- **Collected material**
"""

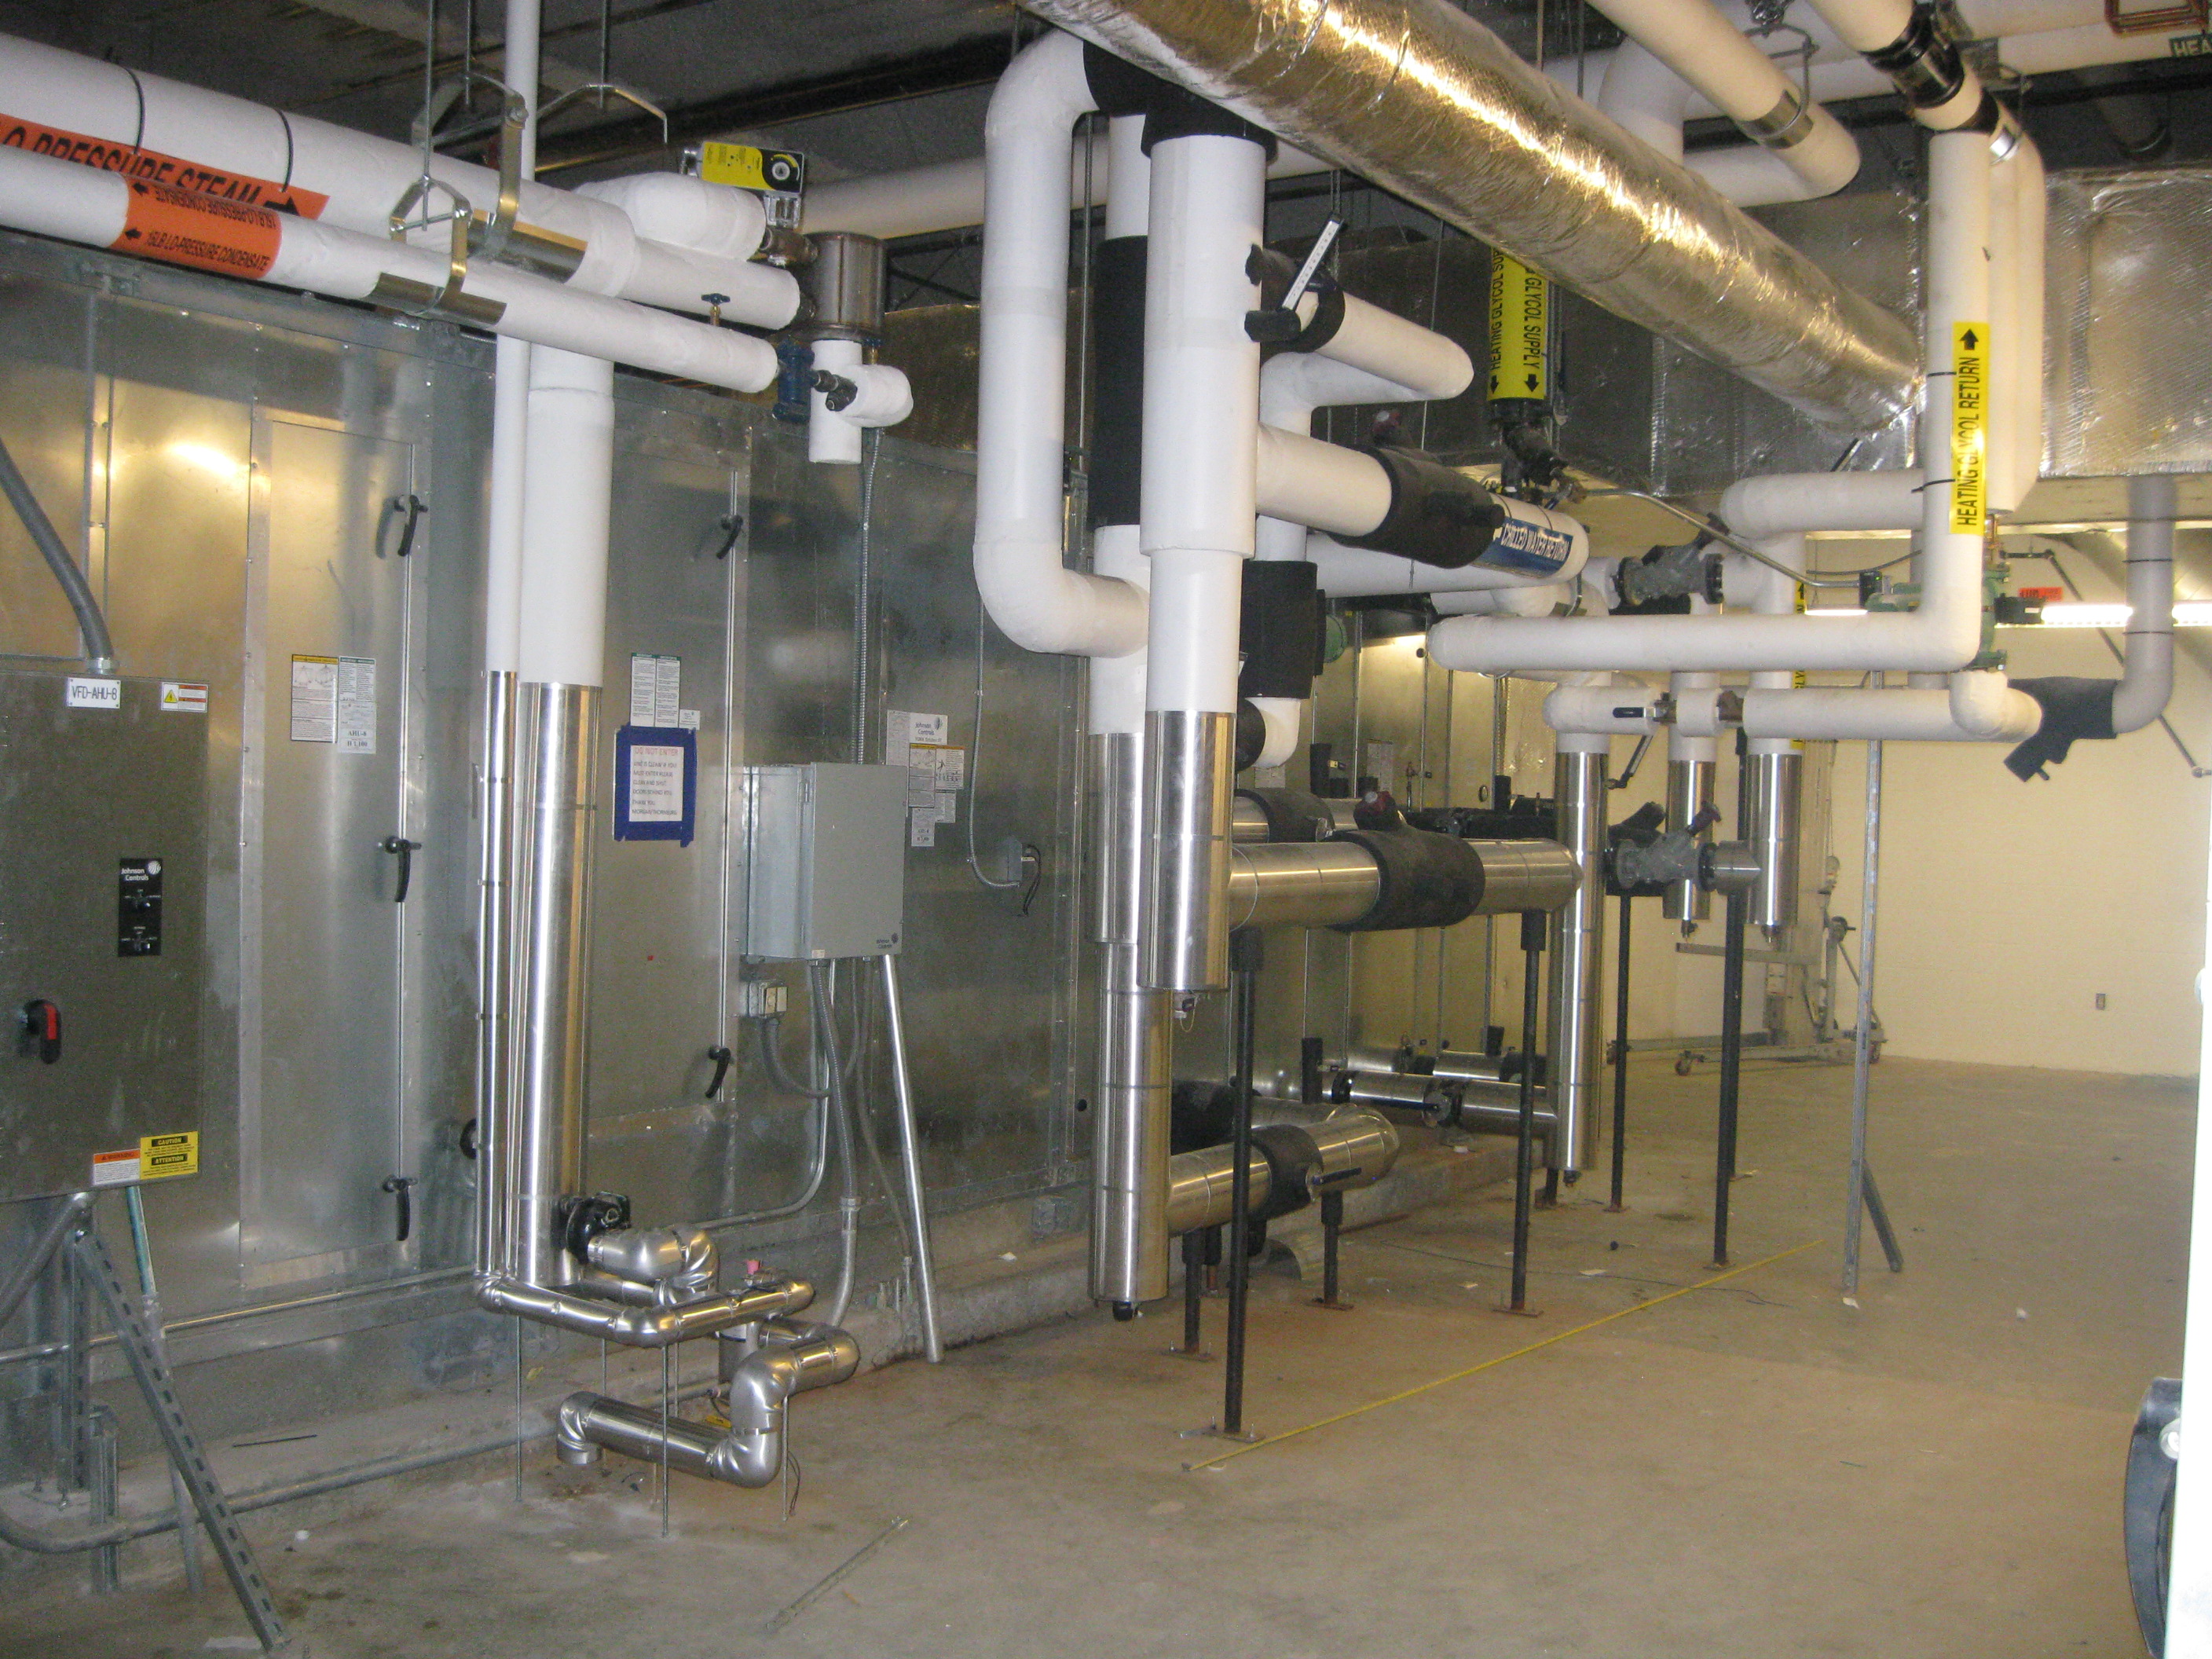 Air Handler at University of Tennessee Translational Sciences Research
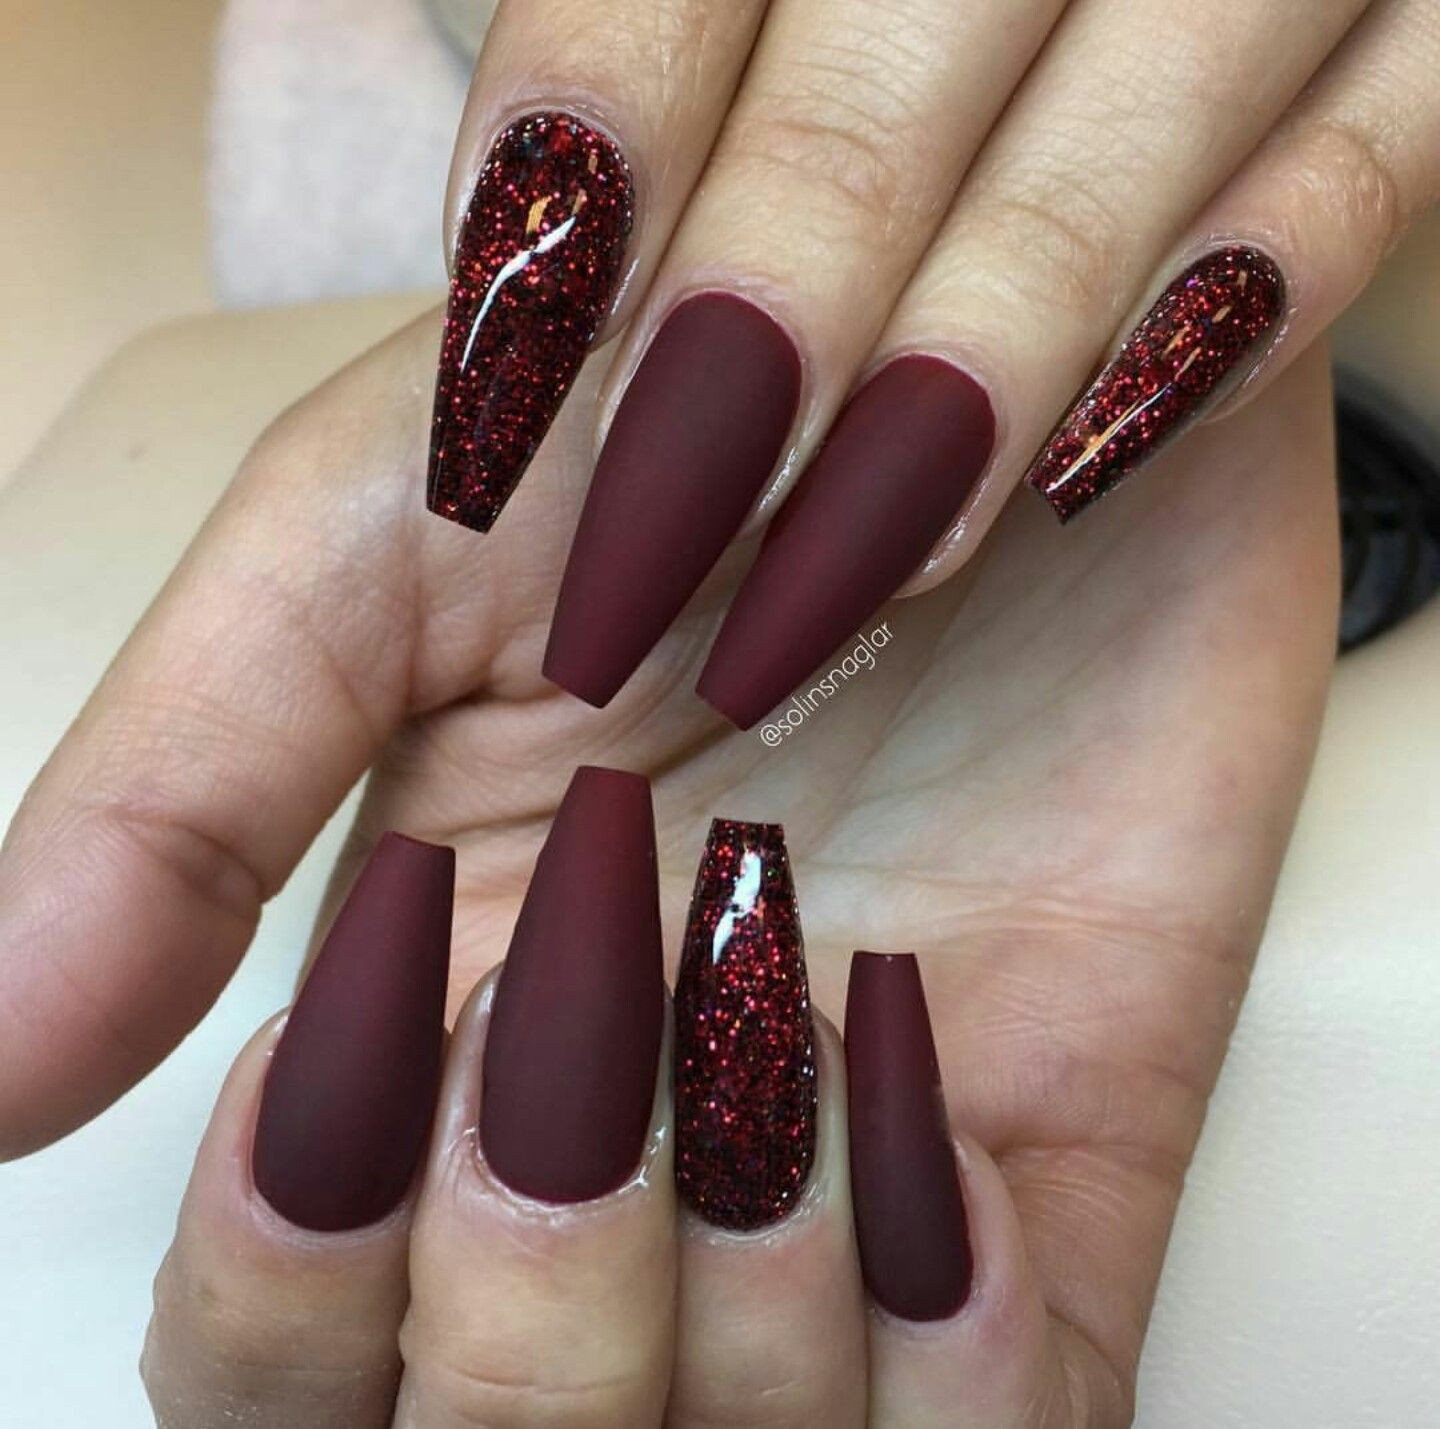 Maroon Glitter Nails
 Deep red acrylics and glitter
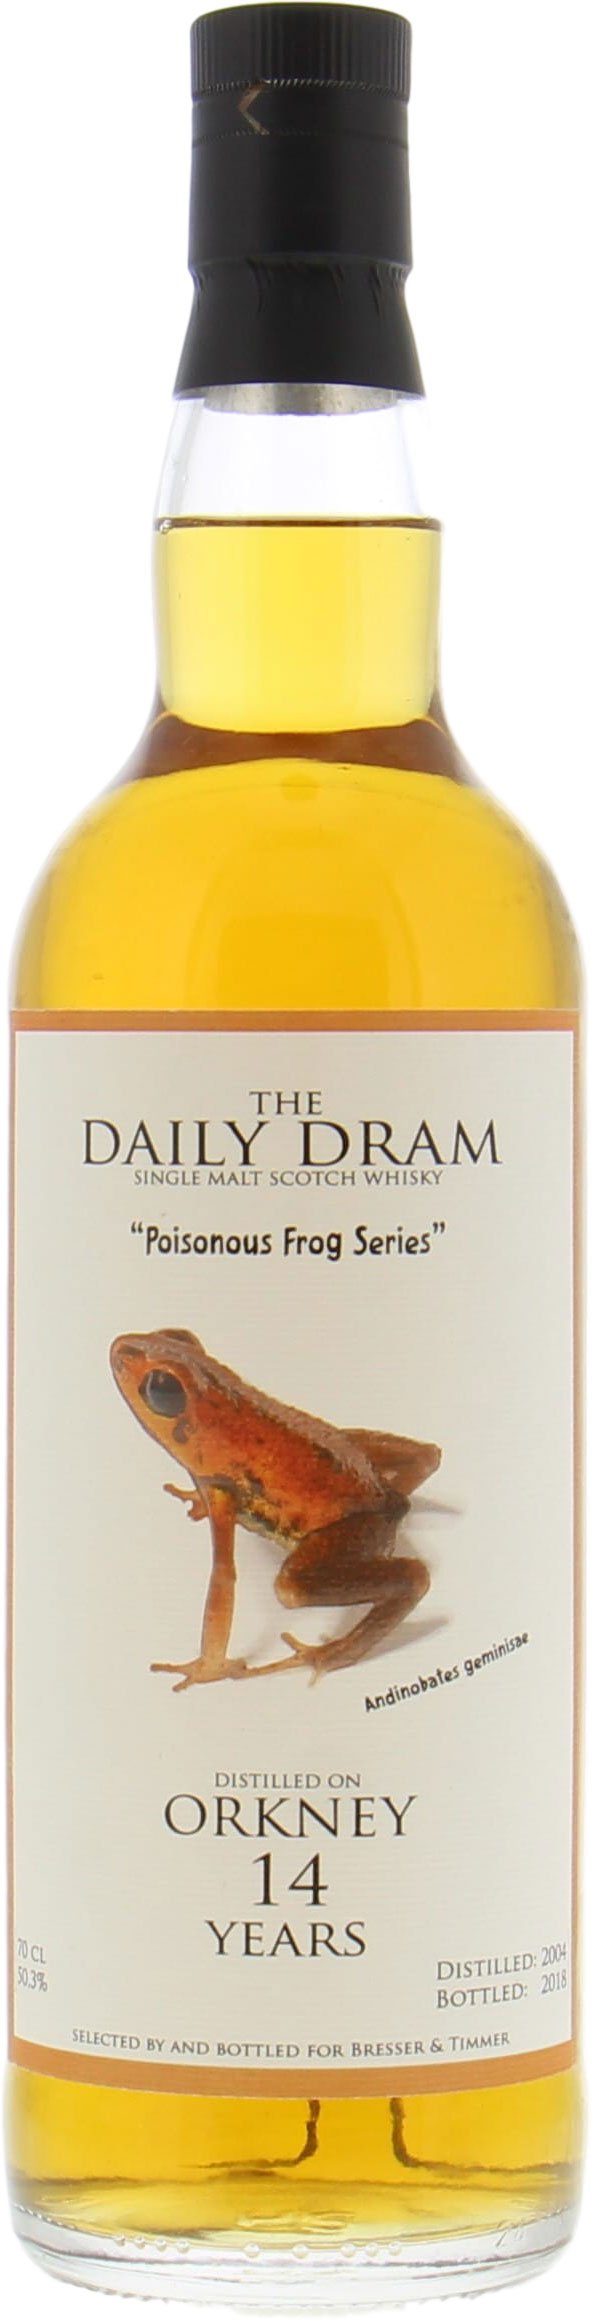 Daily Dram - Orkney 14 Years Old Poisonous Frog 50.3% 2004 Perfect

"""

- **Task objective**
Could you copy the data above exactly, leaving the pictures out?

- **Finished task**
 Air Handler at University of Tennessee Translational Sciences Research
 Maroon Glitter Nails
 Deep red acrylics and glitter
 Daily Dram - Orkney 14 Years Old Poisonous Frog 50.3% 2004 Perfect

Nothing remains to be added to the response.